Information supplied:
- - - - - - -
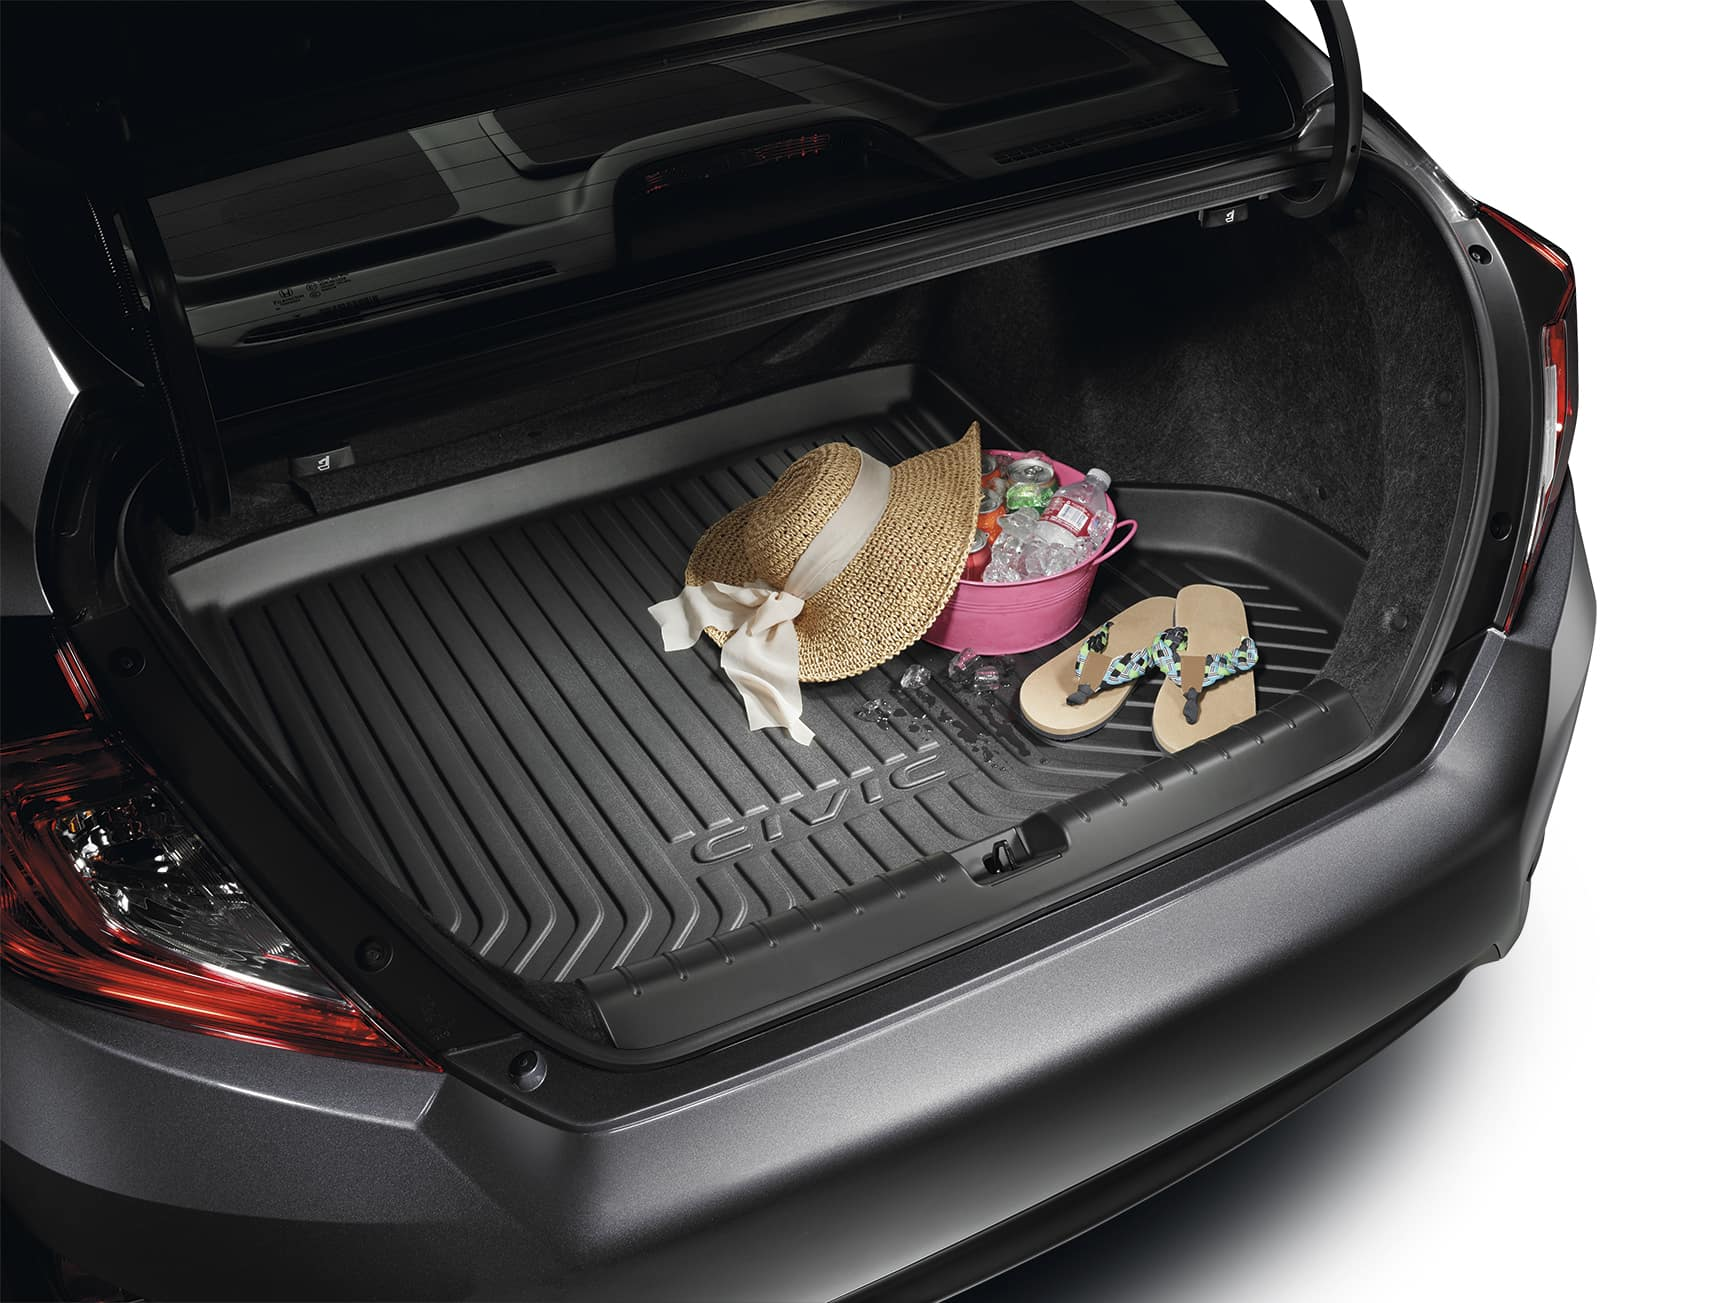 16367 cvs trunk tray bob lanphere s beaverton honda
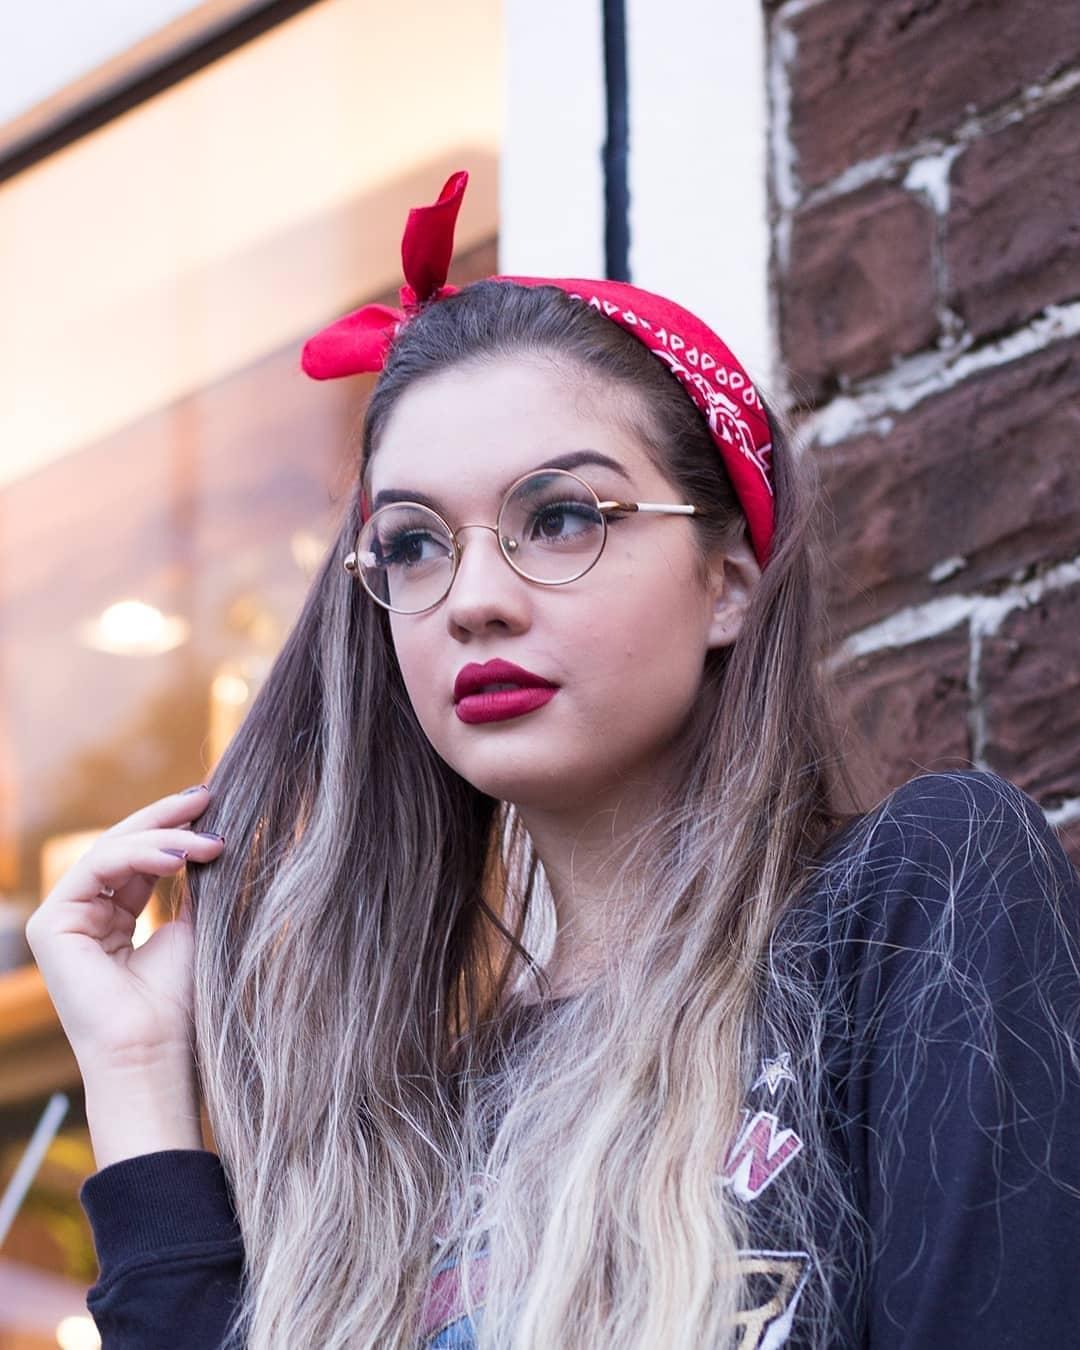 laura braga, candidata a miss fortaleza 2019. - Página 2 32079110
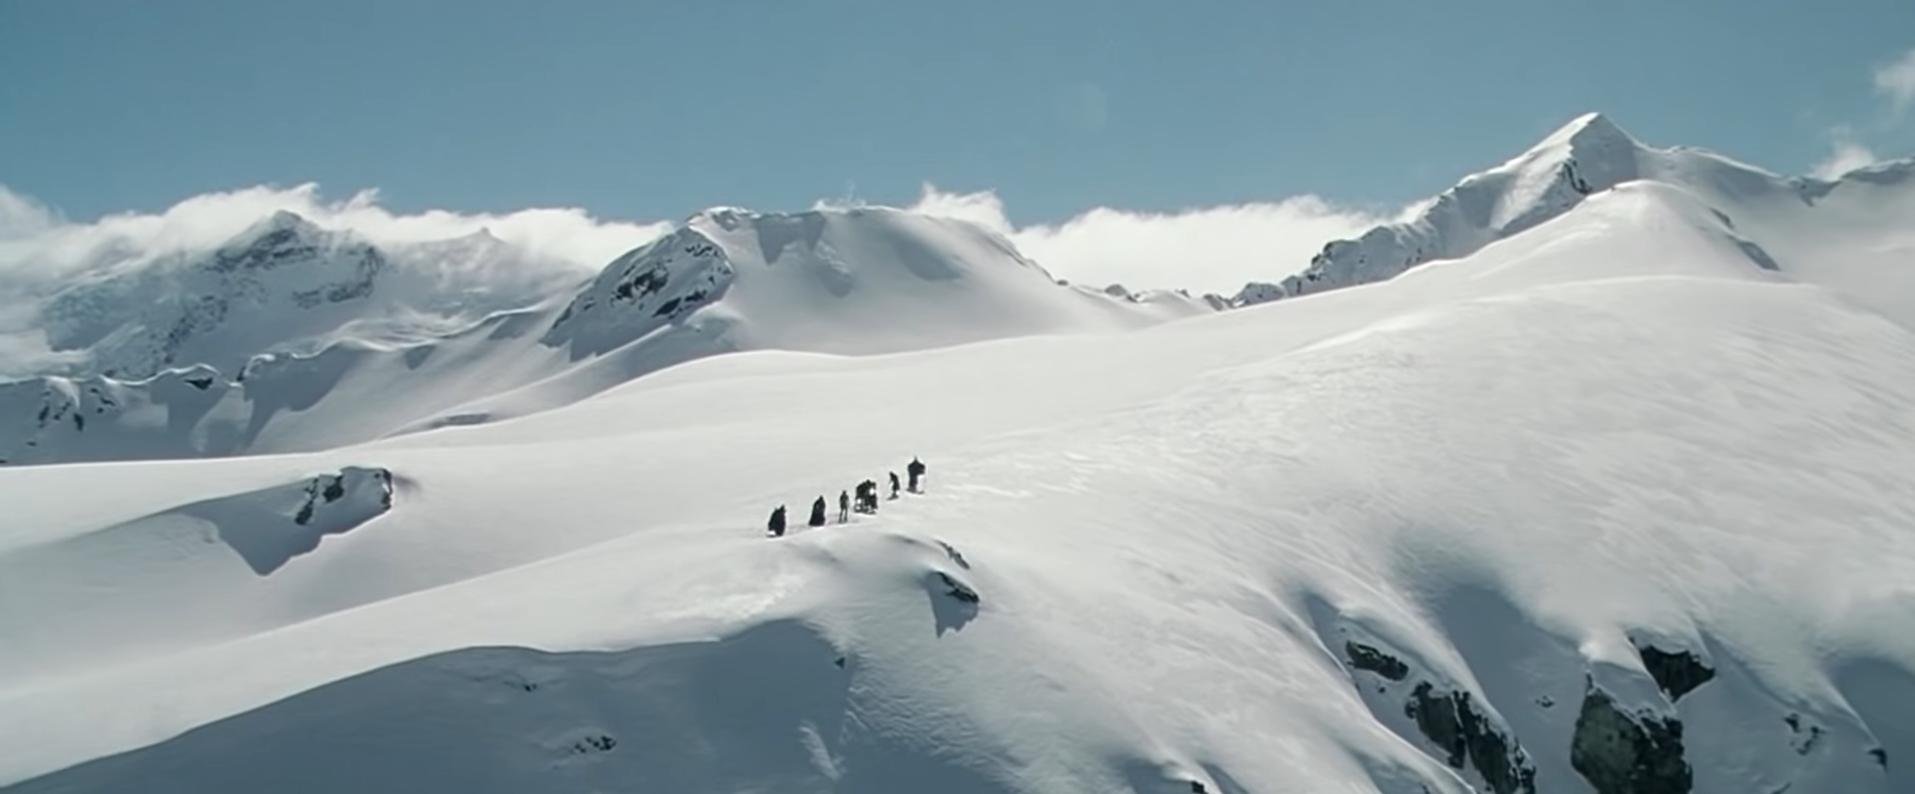 Mountains of Moria
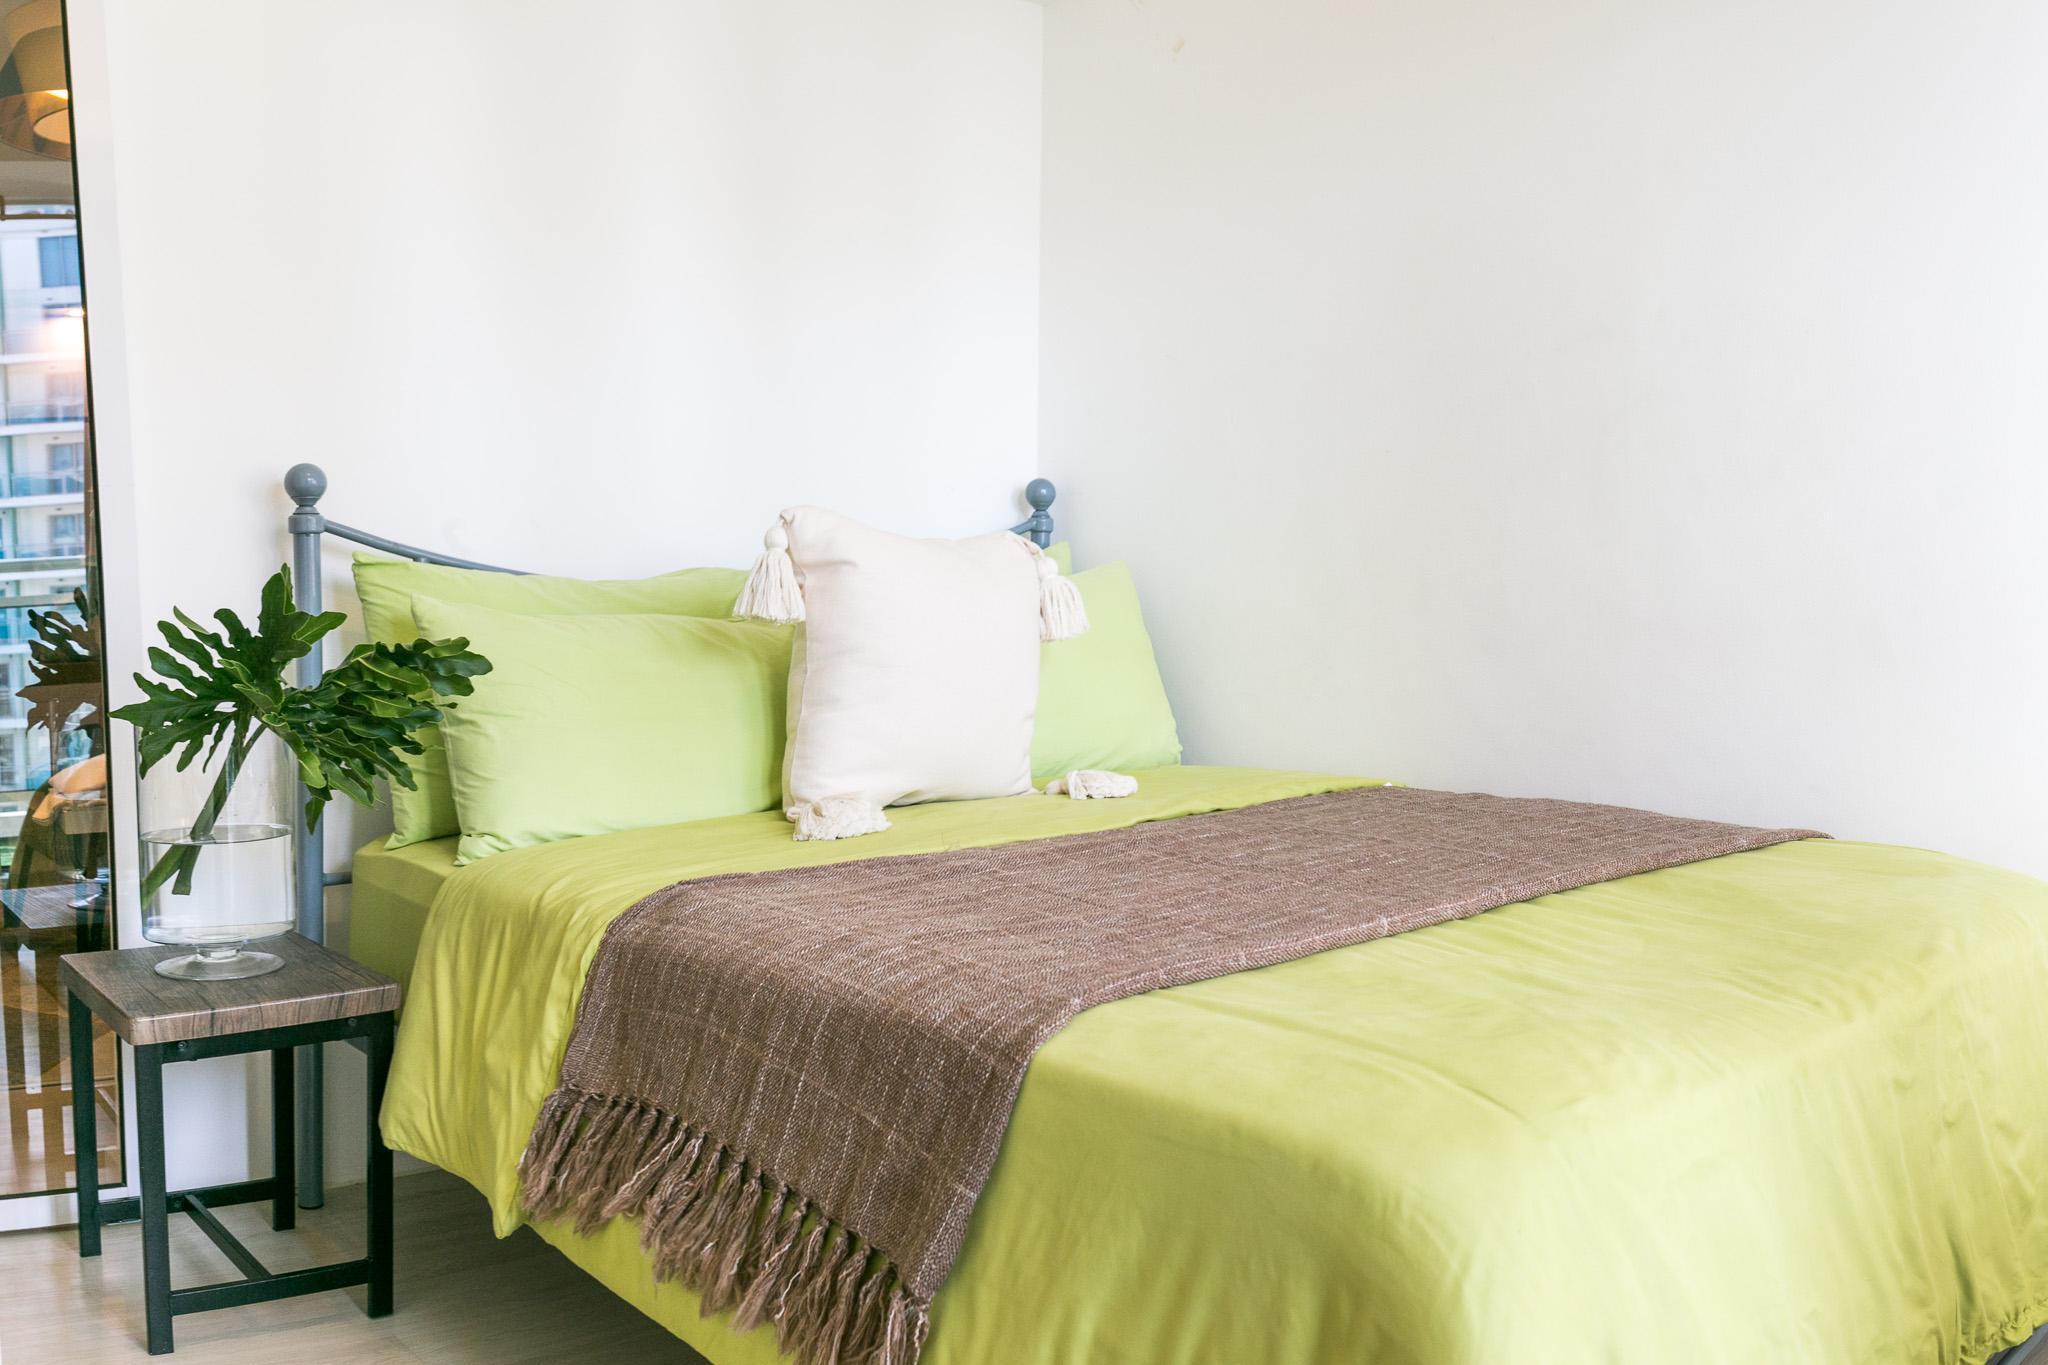 Adam'sCrib By Azure Urban Resort Residences
- - - - - - -
Exercise description: Print all of the material exactly. Omit pictures.

Response to the exercise:
 16367 cvs trunk tray bob lanphere s beaverton honda
 laura braga, candidata a miss fortaleza 2019. - Página 2 32079110
 Mountains of Moria
 Adam'sCrib By Azure Urban Resort Residences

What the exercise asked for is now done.